Source code for micromet.format.transformers.interval_updates

"""
This module contains a dictionary of the datetime when sampling freuency was 
updated from 30 minutes to 60 minutes for eddy data (first item in list)
and met data (second item in list).

It also contains a funtion that subsets out data to only include data from before 
or after the interval switch, for a dataframe with a multindex of STATIONID and 
DATETIME_END

"""

interval_update_dict = {
    "US-UTE":	["10/9/2025 11:20",	"10/9/2025 11:20"], # VERIFIED; note that first ameriflux statistics record after break needs to be dropped
    "US-UTJ":	["10/9/2025 12:04",	"10/9/2025 12:05"], # VERIFIED
    "US-UTB":	["10/9/2025 13:08",	None], # VERIFIED
    'US-UTD':   ["10/22/2025 16:30", "10/22/2025 16:30"], # VERIFIED
    "US-CdM":	["10/9/2025 13:20",	"10/9/2025 13:27"], # VERIFIED
    "US-UTM":	["10/9/2025 13:57",	"10/10/2025 8:15"], # DIFFERENT DAYS! VERIFIED eddy only
    "US-UTW":	["10/10/2025 10:24", "10/10/2025 10:37"], # VERIFIED
    "US-UTV":	["10/14/25 6:22",	"10/14/2025 6:35"], # VERIFIED; met time is 11:35 but setting as same as eddy time and will resample met data to hourly
    "US-UTP":	["10/13/25 12:13",	"10/13/2025 12:25"], # VERIFIED
    "US-UTL":	["10/10/25 13:58",	"10/10/25 13:58"], # VERIFIED
    "US-UTZ":	["10/10/25 1:46", None],
    "US-UTG":	["10/10/2025 7:46",	"10/10/2025 7:54"] # VERIFIED
}

from typing import Dict, List, Union
import pandas as pd


[docs]
def subset_interval(
    df: pd.DataFrame, 
    date_dict: Dict[Union[int, str], List[str]], 
    interval: int, 
    data_type: str
) -> pd.DataFrame:
    """
    Subsets a MultiIndex DataFrame based on station ID, a date cutoff, 
    and a data_type, using a single vectorized boolean mask.

    Args:
        df (pd.DataFrame): MultiIndex DataFrame with levels 'STATIONID' 
                           and 'DATETIME_END'.
        date_dict (dict): Dictionary where keys are 'STATIONID' and values 
                          are a list of two date strings [date1, date2].
        interval (int): Condition for subsetting. 30 for dates <= cutoff, 
                        60 for dates > cutoff.
        data_type (str): Determines which date to use as the cutoff:
                         'eddy' uses the first date (index 0).
                         'met' uses the second date (index 1).

    Returns:
        pd.DataFrame: The subsetted DataFrame containing data from all relevant stations.
    """
    
    id_level = df.index.get_level_values('STATIONID')
    date_level = df.index.get_level_values('DATETIME_END')

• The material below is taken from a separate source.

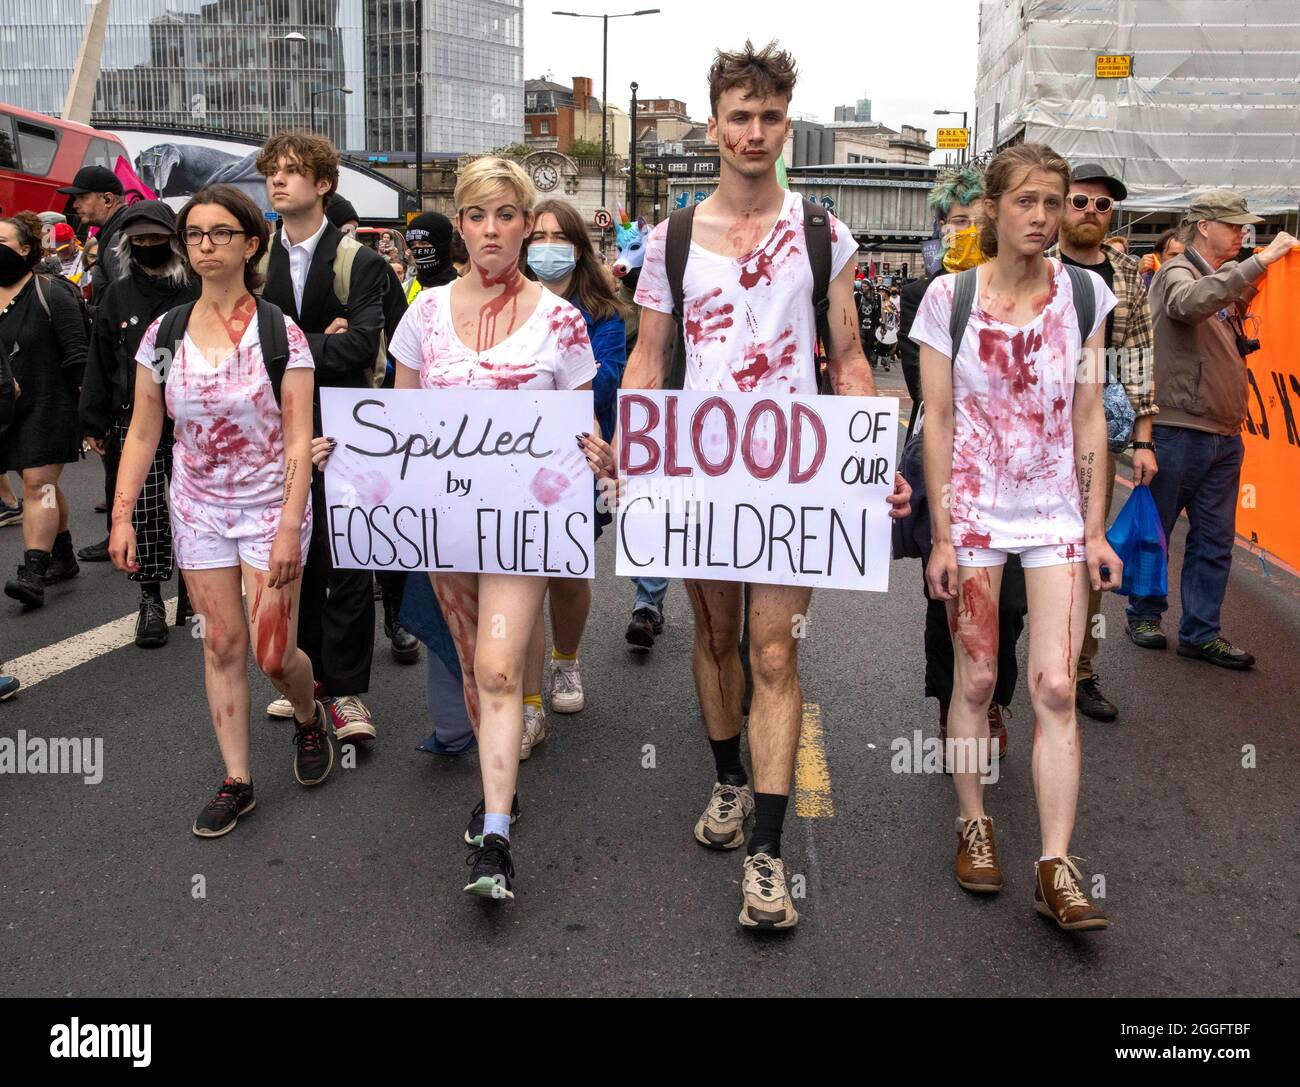 London, UK. 30th Aug, 2021. London, UK 30 8 21 Children on the march smeared in blood. Members of Extinction Rebellion march from The Shard to Tower Bridge where supporters climb on top of a caravan and block the road. Extinction Rebellion Credit: Mark Thomas/Alamy Live News Stock Photo
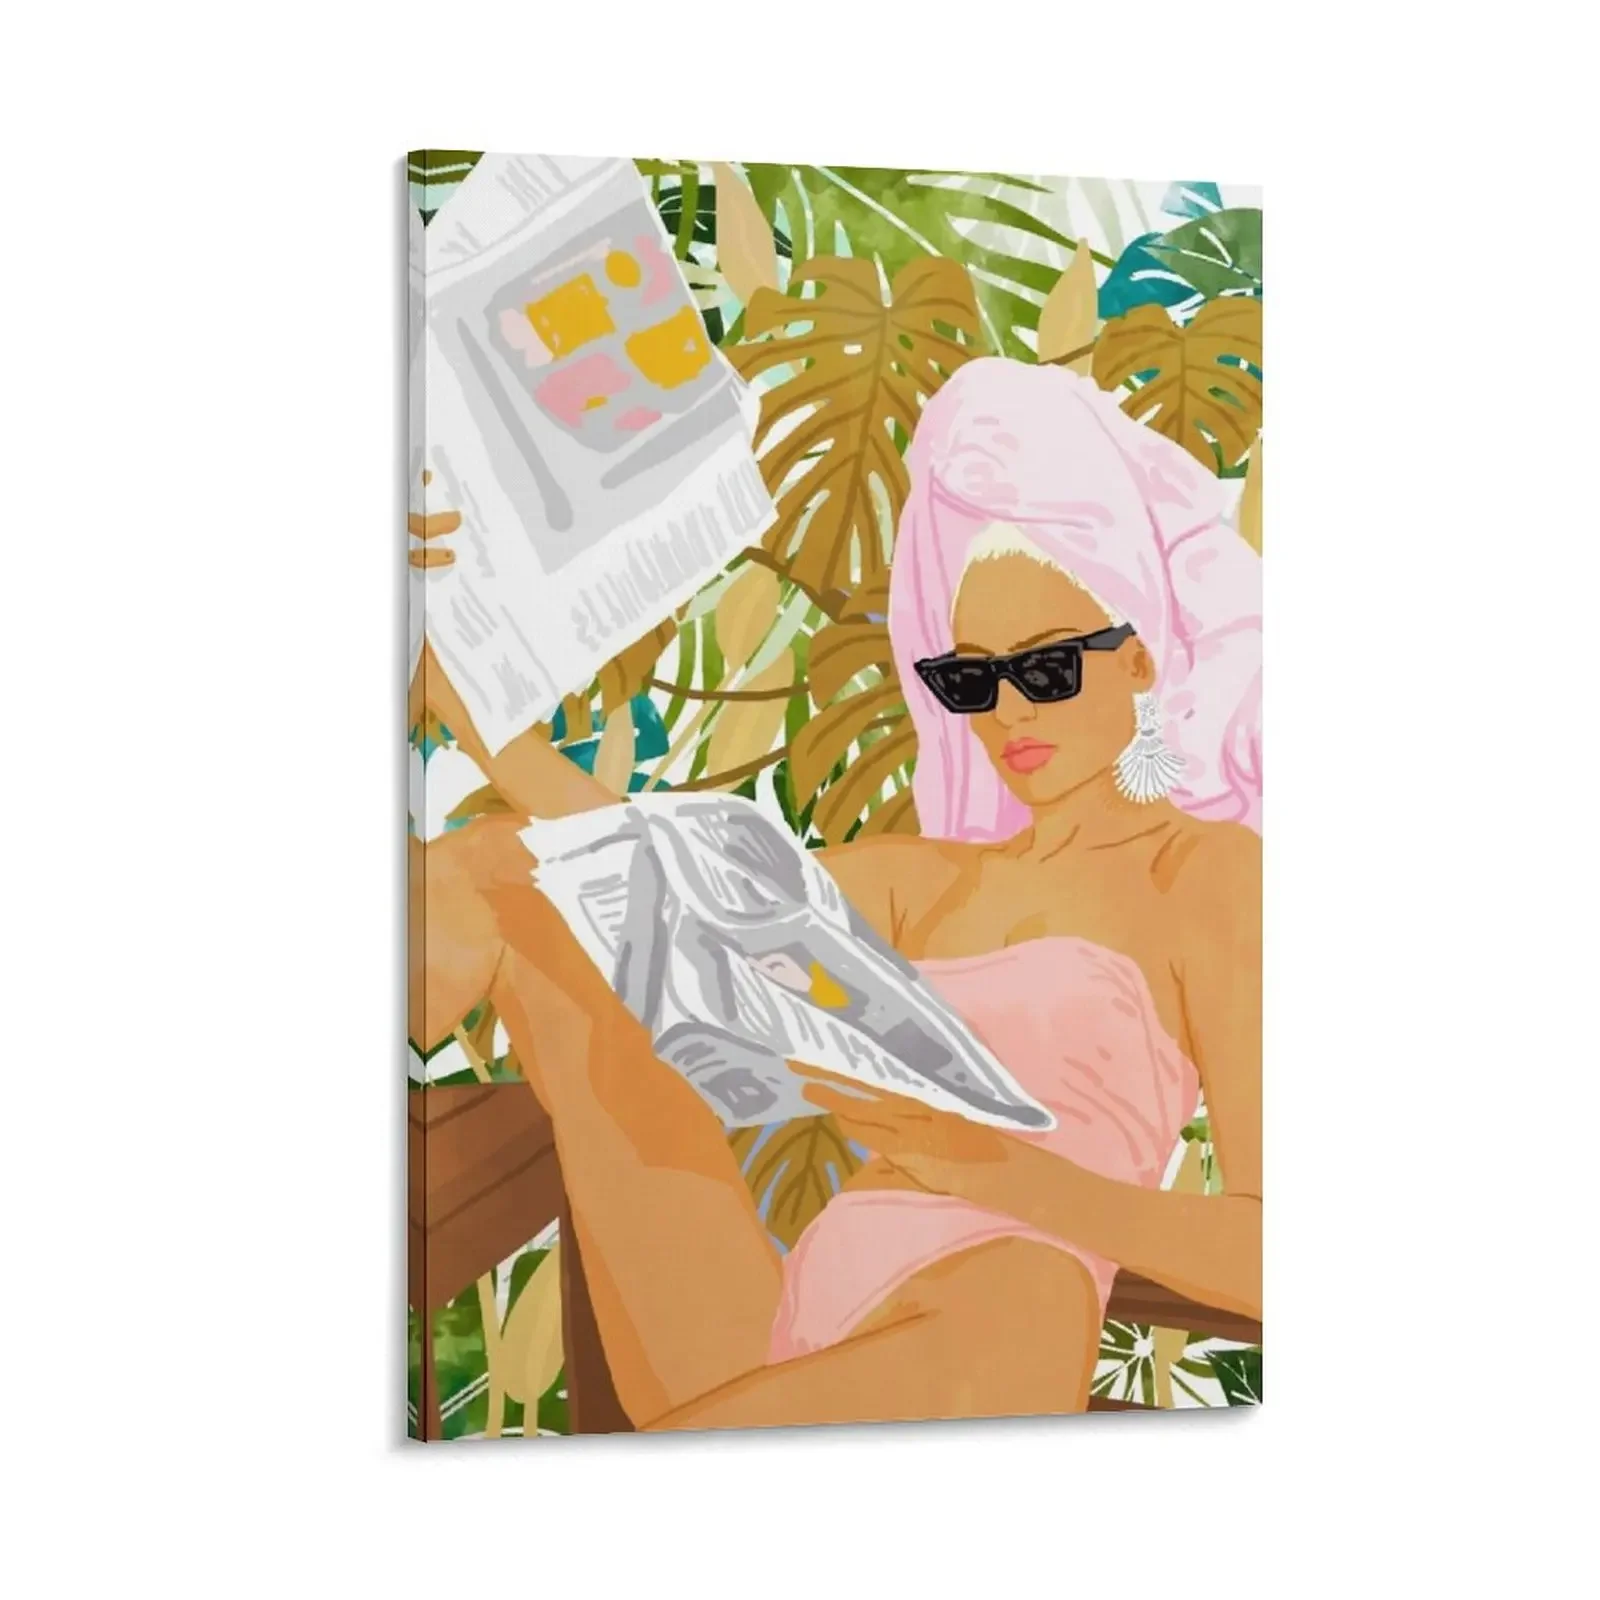 

Vacay News, Tropical Modern Bohemian Illustration, Travel Woman Fashion Newspaper Painting Canvas Painting stickers & posters

    if data_type.lower() == 'eddy':
        date_index = 0 
    elif data_type.lower() == 'met':
        date_index = 1 
    else:
        raise ValueError(f"Unsupported data_type: {data_type}. Must be 'eddy' or 'met'.")
    
    df_station_ids = set(id_level.unique())

    stations_to_process = df_station_ids.intersection(date_dict.keys())

    final_mask = pd.Series(False, index=df.index)

    for station_id in stations_to_process:
        dates = date_dict[station_id]
        try:
            cutoff_date = pd.to_datetime(dates[date_index])
        except IndexError:
            print(f"Warning: Date list for station {station_id} does not have an element at index {date_index}. Skipping.")
            continue
        
        station_mask = (id_level == station_id)
        
        if interval == 30:
            date_condition = date_level <= cutoff_date
        elif interval == 60:
            date_condition = date_level > cutoff_date
        else:
            print(f"Warning: Unsupported interval value {interval}. Skipping station {station_id}.")
            continue

        combined_mask = station_mask & date_condition
        
        final_mask = final_mask | combined_mask
    
    return df.loc[final_mask]